Bud chose that moment to enter their polite back and forth. He said, “You need to sit down, Mr. Petrov, or we’re gonna think you’re tryin’ to hide something.”
Then Petrov shared his glare with Bud. Apparently not used to people answering back without being shot in the temple right where they stood. She wondered if he had one of those devious trapdoors under their chairs, like in all those 007 movies when the villain pulled a lever and his victims plummeted into a pool of sharks or a vat of acid. They waited for the plunge or attack by summoned thugs, both of them matching the guy stare for rude stare.
Surprisingly, Petrov didn’t pull the lever. “I’m sorry, detectives. I’m just in shock, I guess.” He sank down into a different big wingback chair covered with fabric that had designs of German castles standing majestically on high cliffs, or maybe they were Russian strongholds. He shook his head. “I never stopped loving her, even when she ran off with that fighter. I always wanted her to come back home and live here with Anna and me and the boys. I could’ve protected her from this. Better than Paulie ever could.” He leaned his head back against the cushions and shut his eyes and sighed, really pitiful now. So tired of murder and dead wives and getting blamed for everything.

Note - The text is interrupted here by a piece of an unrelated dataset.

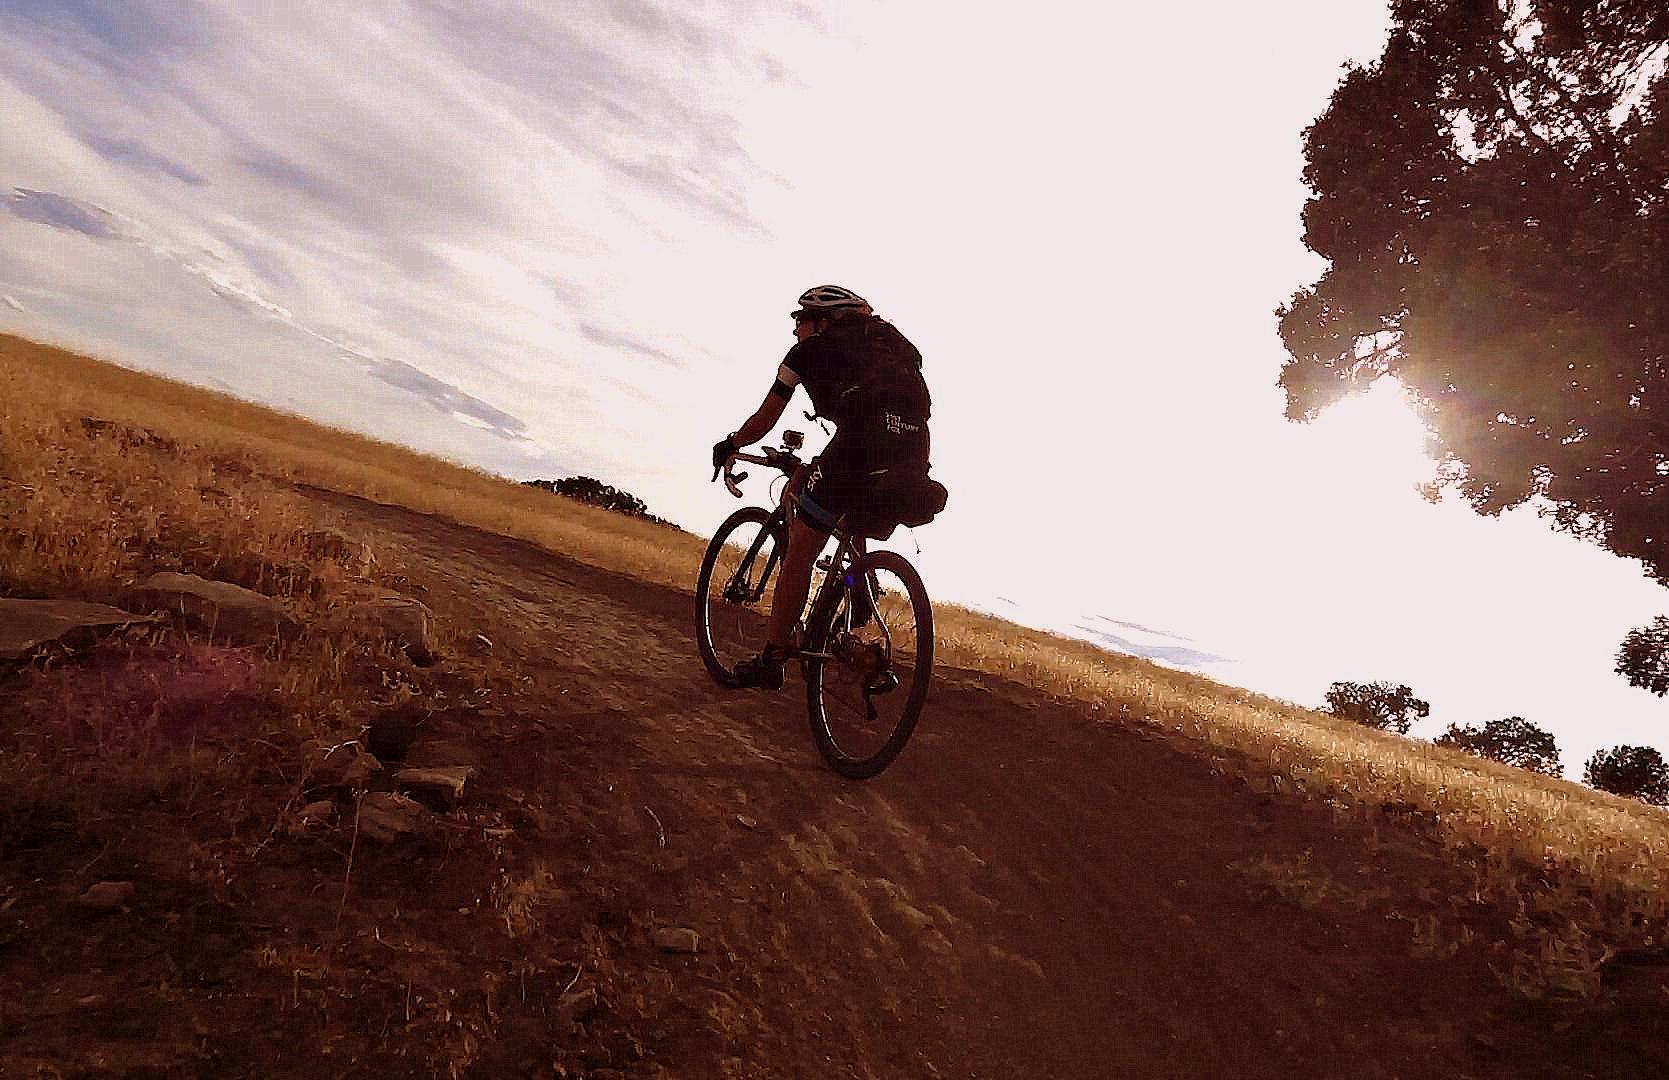 Away From the Sun - video image - Rob Vandermark.jpg
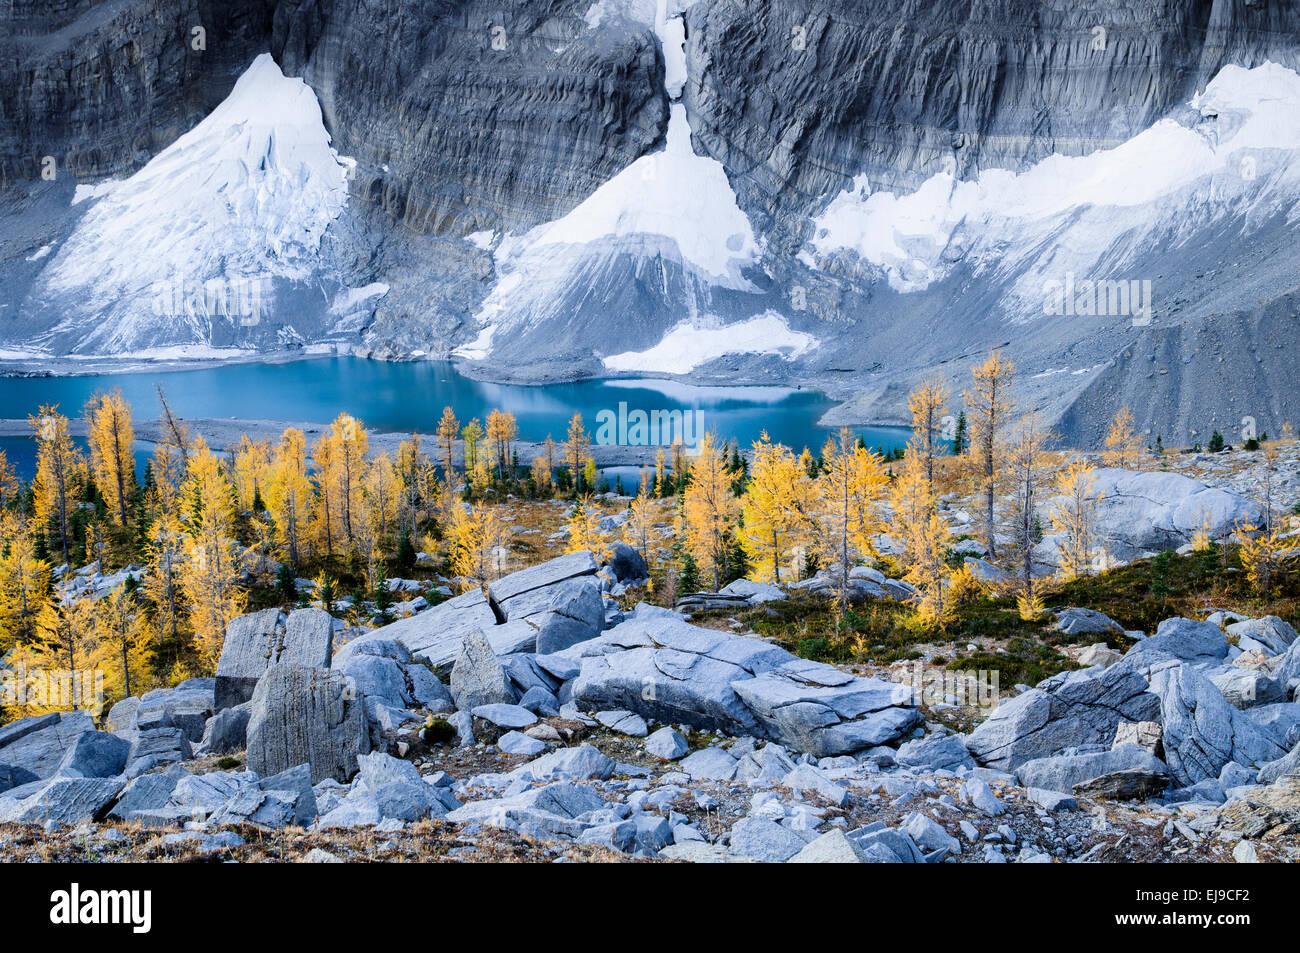 Lärche im leuchtenden Gelb Herbst Farben, Rockwall Floe See, Kootenay National Park, Britisch-Kolumbien, Kanada Stockbild

Okay, that was all very interesting. Fearing he’d dropped off to sleep, however, she raised her voice. “Protect her from whom, Mr. Petrov?”
He jerked up to sitting, faster than a blink, accent growing thicker now. “From her crazy family, that’s who. The Fitches. Those goddamn crazy sons of bitches. They’re all nuts, insane, all of them, every single one, down to the smallest child. That’s why she fled her parents in the first place and came to St. Louis to be my wife. She knew I could protect her, that’s the reason she married me. And I did. As long as she lived in this compound, they couldn’t get within an inch of her. Then she up and ran off with Paulie. I tried everything to get her to come back, but she could be so stubborn, and she thought she was in love with that bastard. And now, she’s dead. Just like I told her she would end up.”
Claire and Bud sat there and listened to all that and studied his very emotionally charged face. Nothing about this interview was going as she had envisioned. Black had talked as if this guy was Attila the Hun, for God’s sake, and now Petrov was acting like Little Orphan Annie at Daddy Warbucks’s funeral. But Black the Shrink was not usually this much off with his take on other people’s character traits. If he said that Ivan Petrov was a scary, maniacal killer, then he was one. But he was also doing a pretty good job of acting like a sad and distraught former husband who still loved his wife. Maybe he could be both, which was a more likely scenario. Still, she didn’t feel sorry for him. She wasn’t so sure he hadn’t ordered the hit on Blythe, either, and/or cut her throat himself with his own special finesse and the sharpest, one-swipe blade in the world. Maybe he was putting on an Oscar-worthy performance. Maybe he had been president of drama club at Moscow Senior High School.